Ora, se le aragoste avessero dei dottori non crescerebbero mai perché al primo segnale di disagio l’aragosta andrebbe dal dottore a farsi dare un antidolorifico e non si libererebbe mai del suo guscio che continuerebbe così ad impedirle di crescere.

Da un disagio nasce sempre la possibilità di una evoluzione: ce lo insegna l’aragosta.

Morale: i nostri momenti critici sono anche i momenti di nostra maggior crescita e se facciamo buon uso delle avversità possiamo crescere grazie ad esse.

Nella nostra cultura corrente lo stress è un termine che, in modo del tutto istintivo ed automatico, ci lega ad una suggestione negativa, una sensazione scomoda che richiede rimedio immediato. In realtà è una condizione evolutiva che nasce da una crisi, dalla destabilizzazione di un equilibrio rassicurante che, tuttavia, richiede una revisione, un adattamento necessario alle nuove richieste evolutive imposte dalle circostanze.

Proviamo quindi ad usare una nuova chiave di lettura dello stress; non un limite o un malessere, ma un’opportunità in cui un segnale di disagio ci raggiunge per dirci qualcosa. Lo stress, quindi, è un importante, utile segnale. Ci avverte che siamo ad un passo dal cambiamento necessario, dall’occasione di abbracciare stimoli più adatti e funzionali alla situazione. La crisi e il disagio a cui si lega è un abito nuovo che siamo costretti ad adattare, scarpe nuove in cui il nostro piede deve imparare a stare a suo agio.
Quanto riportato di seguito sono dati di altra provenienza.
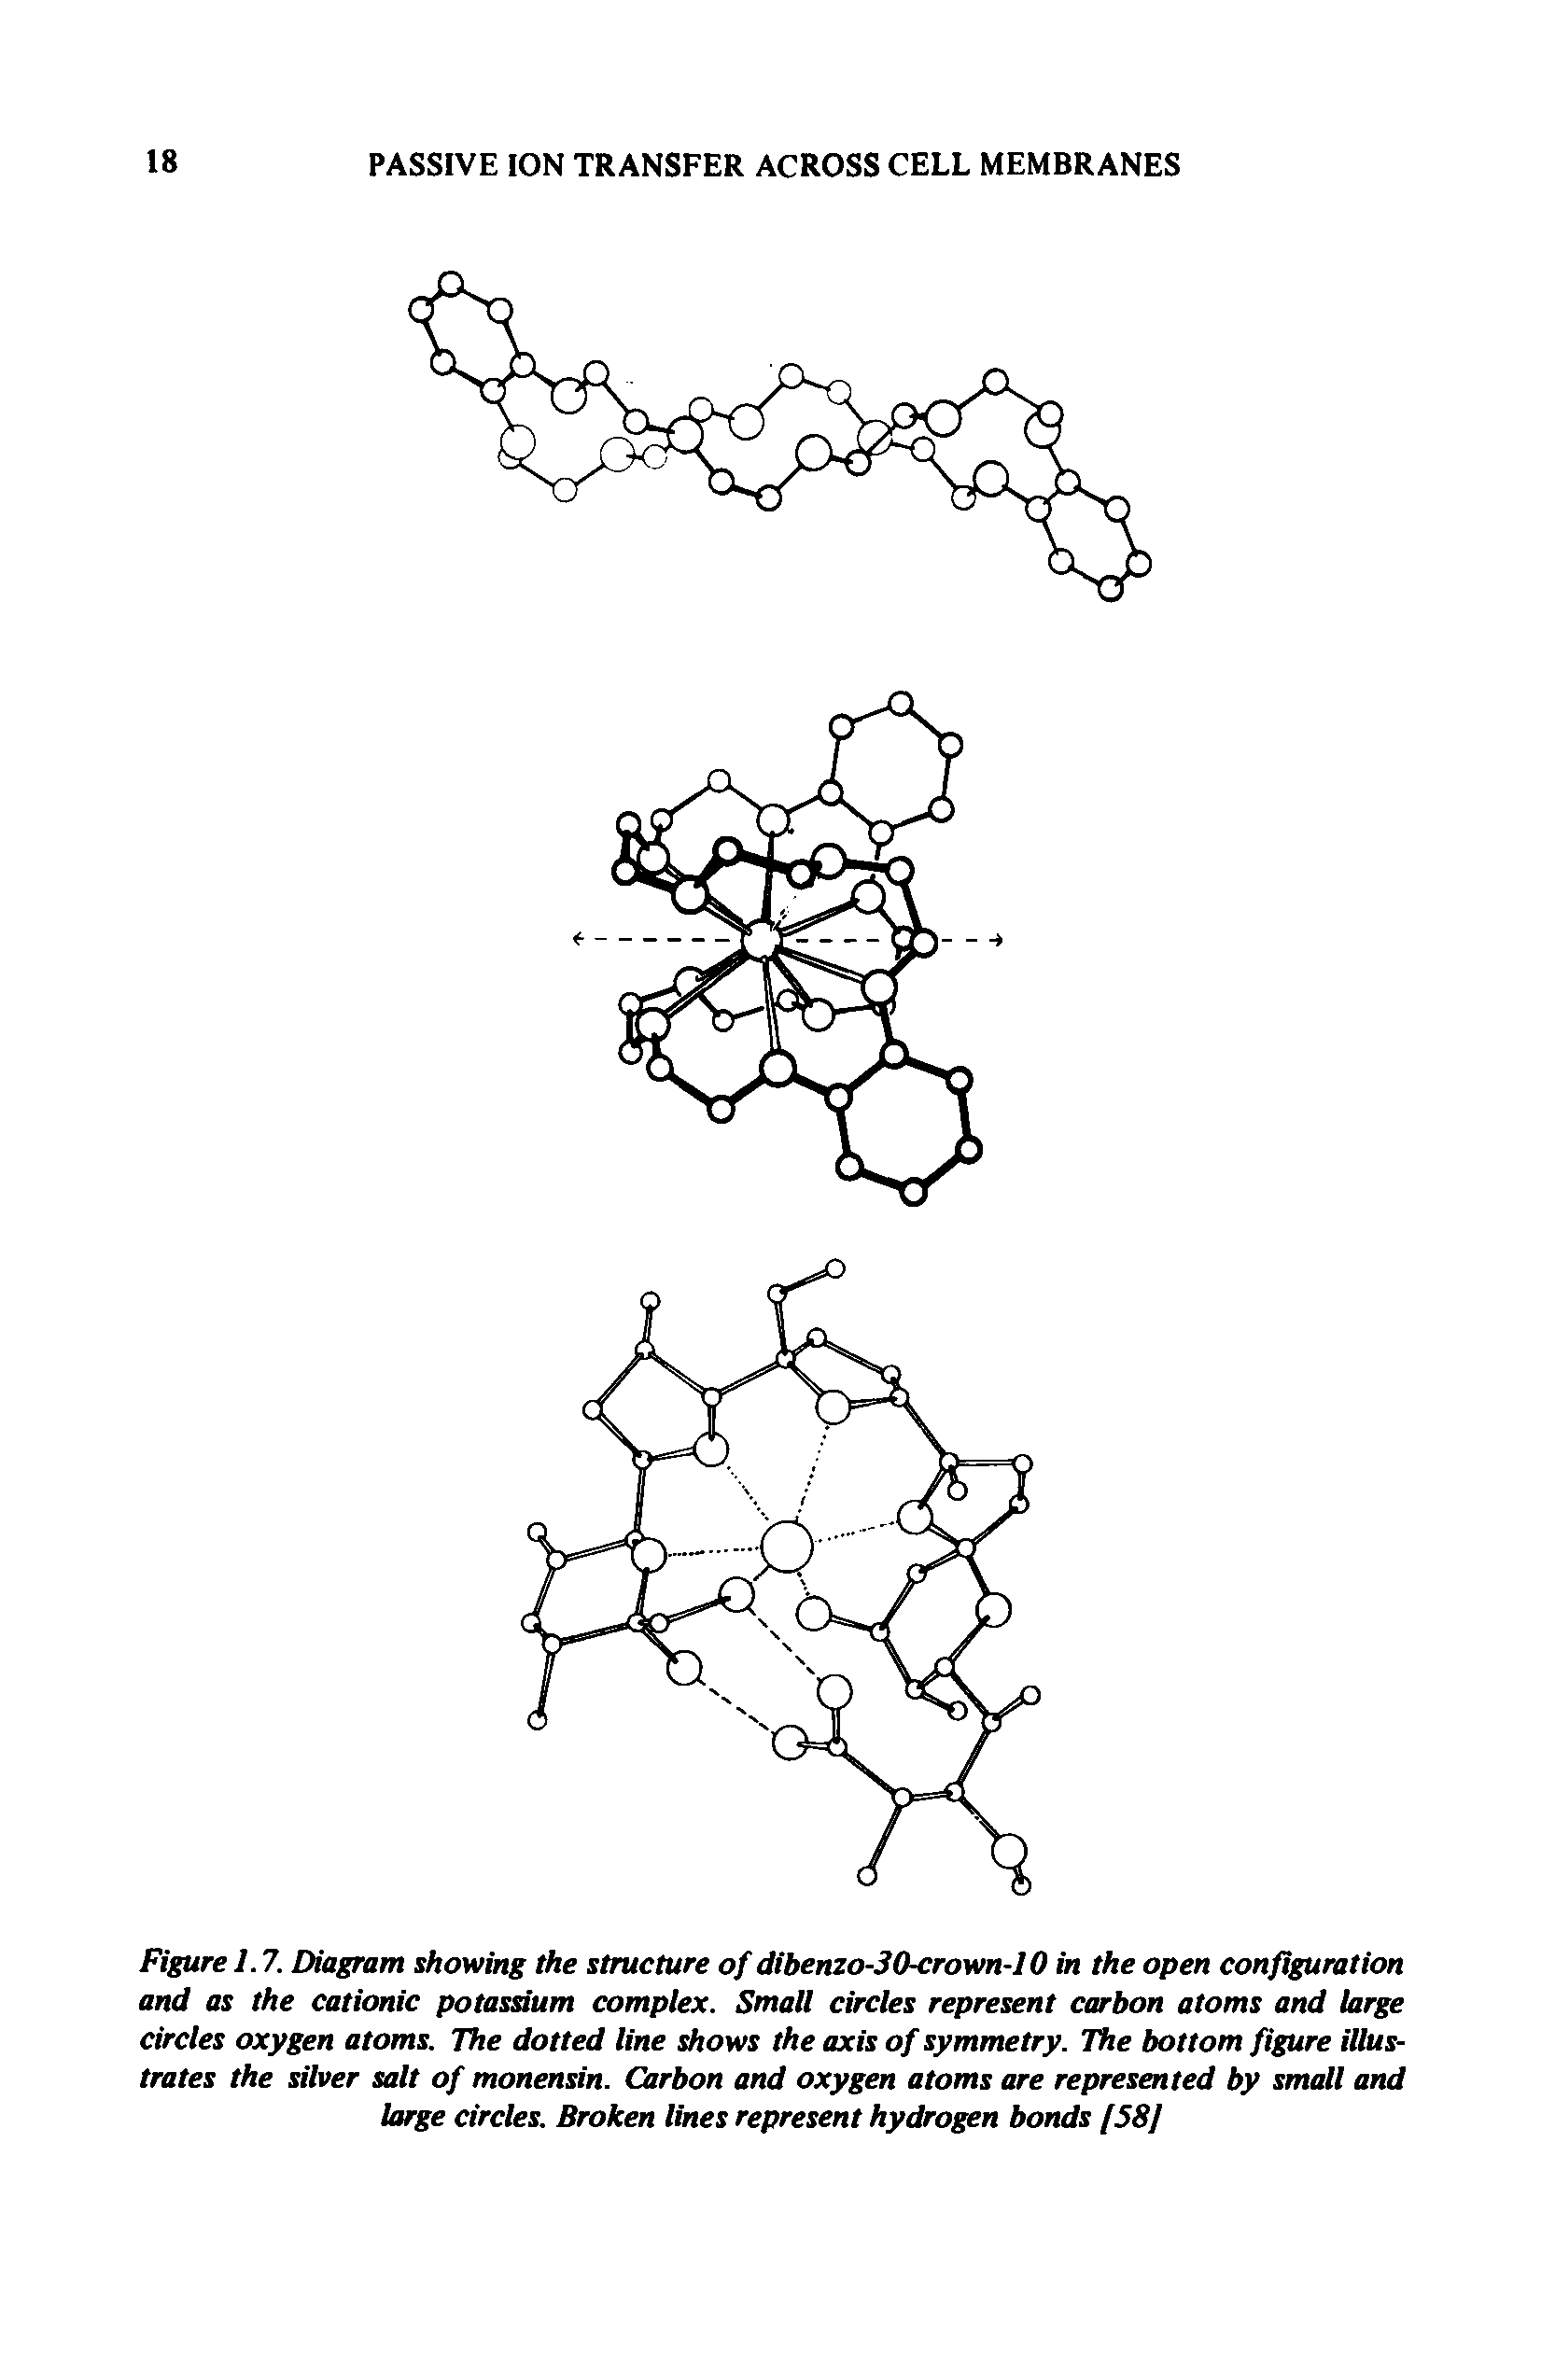 Figure 1.7. Diagram showir the structure of dibenzo-30<roym-I0 in the open configuration and as the cationic potassium complex. Small circles represent carbon atoms and large circles oxygen atoms. The dotted line shows the axis of symmetry. The bottom figure illustrates the silver salt of monensin. Carbon and oxygen atoms are represented by small and large circles. Broken lines represent hydrogen bonds [SSJ...

È il segnale che ci dice che dobbiamo crescere, ognuno a modo suo. Lo stress ci dice che è necessario effettuare un cambio di passo per poter crescere ed indirizzarsi verso verità diverse e più profonde. Lo stress ci dice che siamo arrivati ad un punto dove la nostra solita vita non è più funzionale ai nostri scopi e va modificata per ricominciare, finalmente, a guardare le cose con occhi nuovi.

Ci dice che dobbiamo spaccare il nostro guscio fatto di abitudini, di falsi preconcetti, di gabbie mentali acquisite, di giudizi ingiustificati, ovvero di pregiudizi per andare oltre, per aprirci a nuove conoscenze e a nuove realtà. Un percorso che ci condurrà altrove, con tutto il nostro bagaglio emotivo ed esperienziale.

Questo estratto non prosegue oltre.